[[ Information provided, beginning ]]

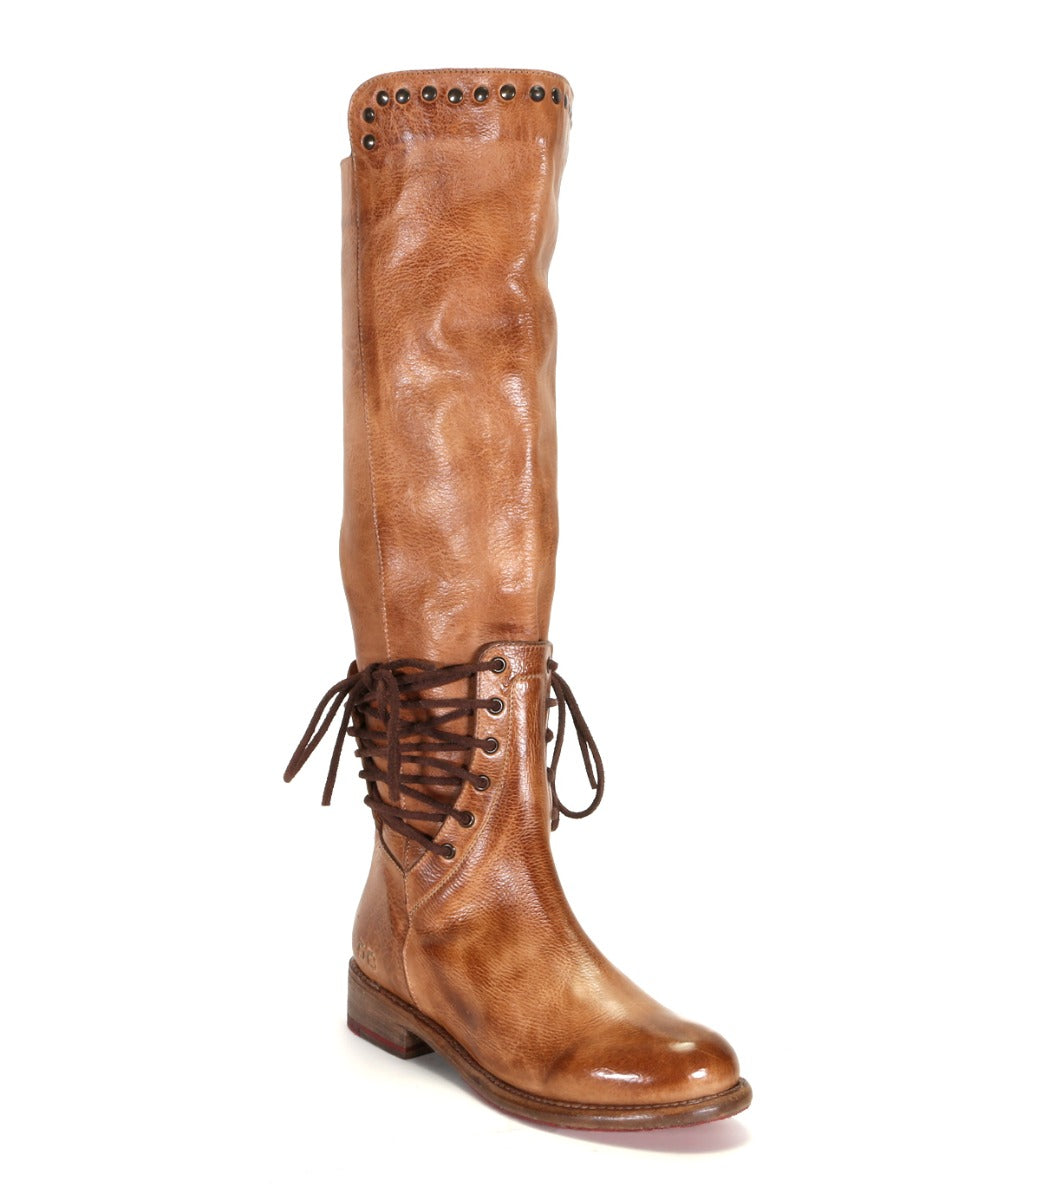 A women's Loxley boot with laces, made by Bed Stu.
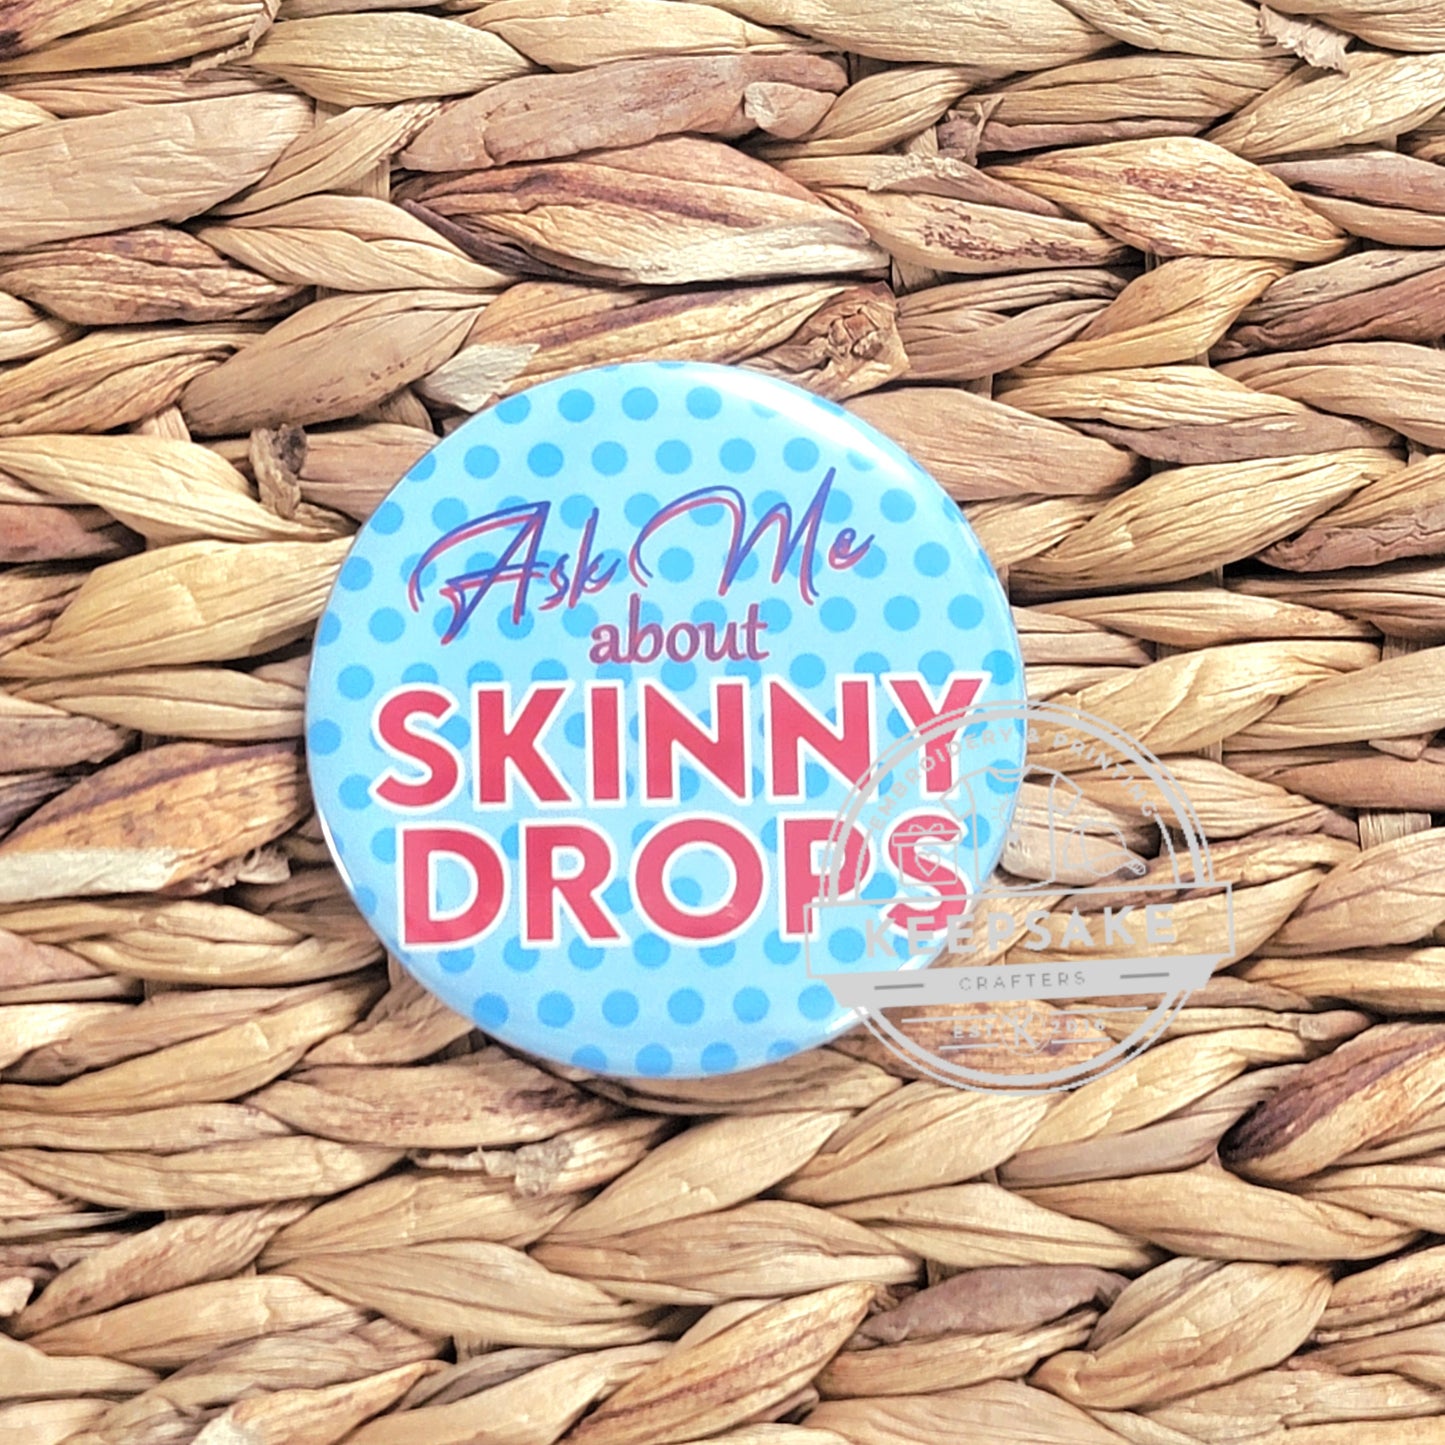 Ask Me About Skinny Drops Pin
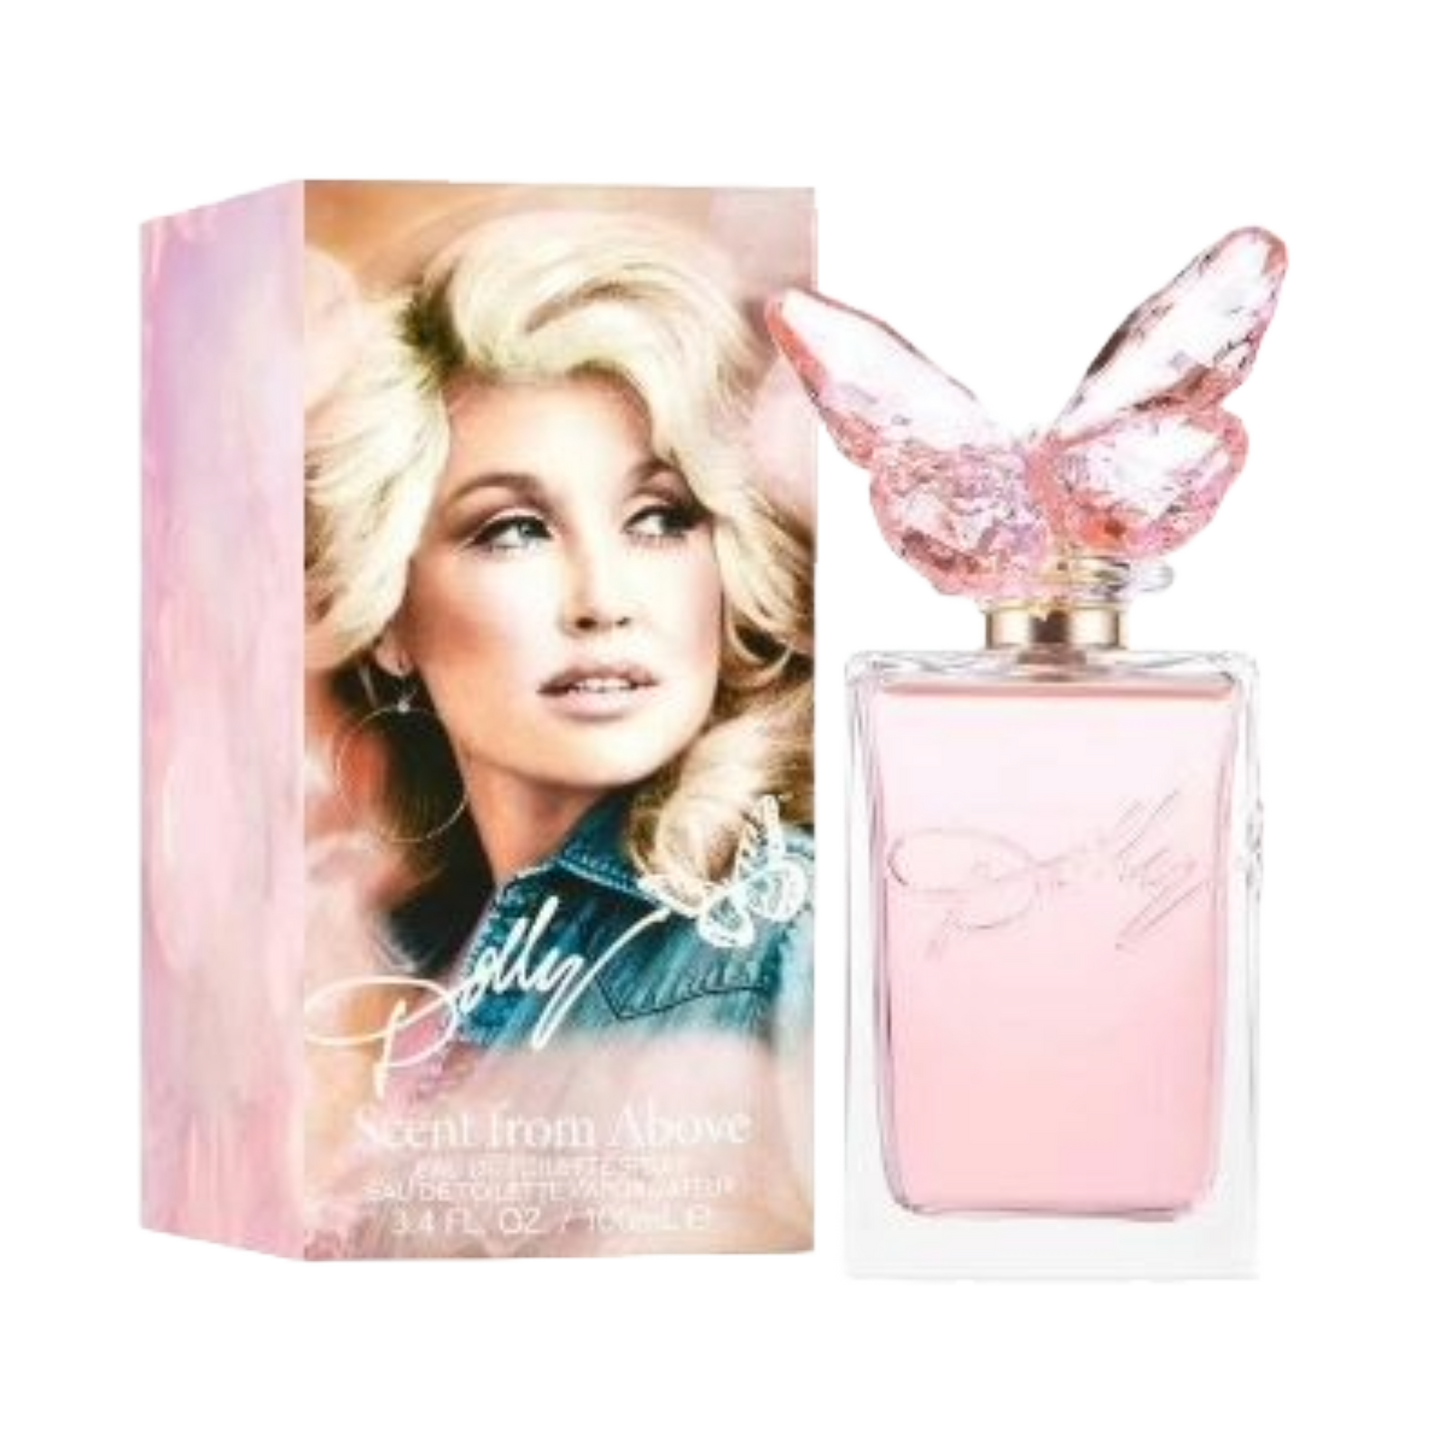 Roper Ladies Dolly Parton Scent From Above 3.4oz Toilette Perfume 03-099-1000-9002

[[ Information provided, end ]]

Restate word for word, and only, the lines from the line that contains "Ask Me About Skinny Drops Pin" through the end of the data, both included; pictures are not part of the copy.

* [Output for this task]
 Ask Me About Skinny Drops Pin
 Roper Ladies Dolly Parton Scent From Above 3.4oz Toilette Perfume 03-099-1000-9002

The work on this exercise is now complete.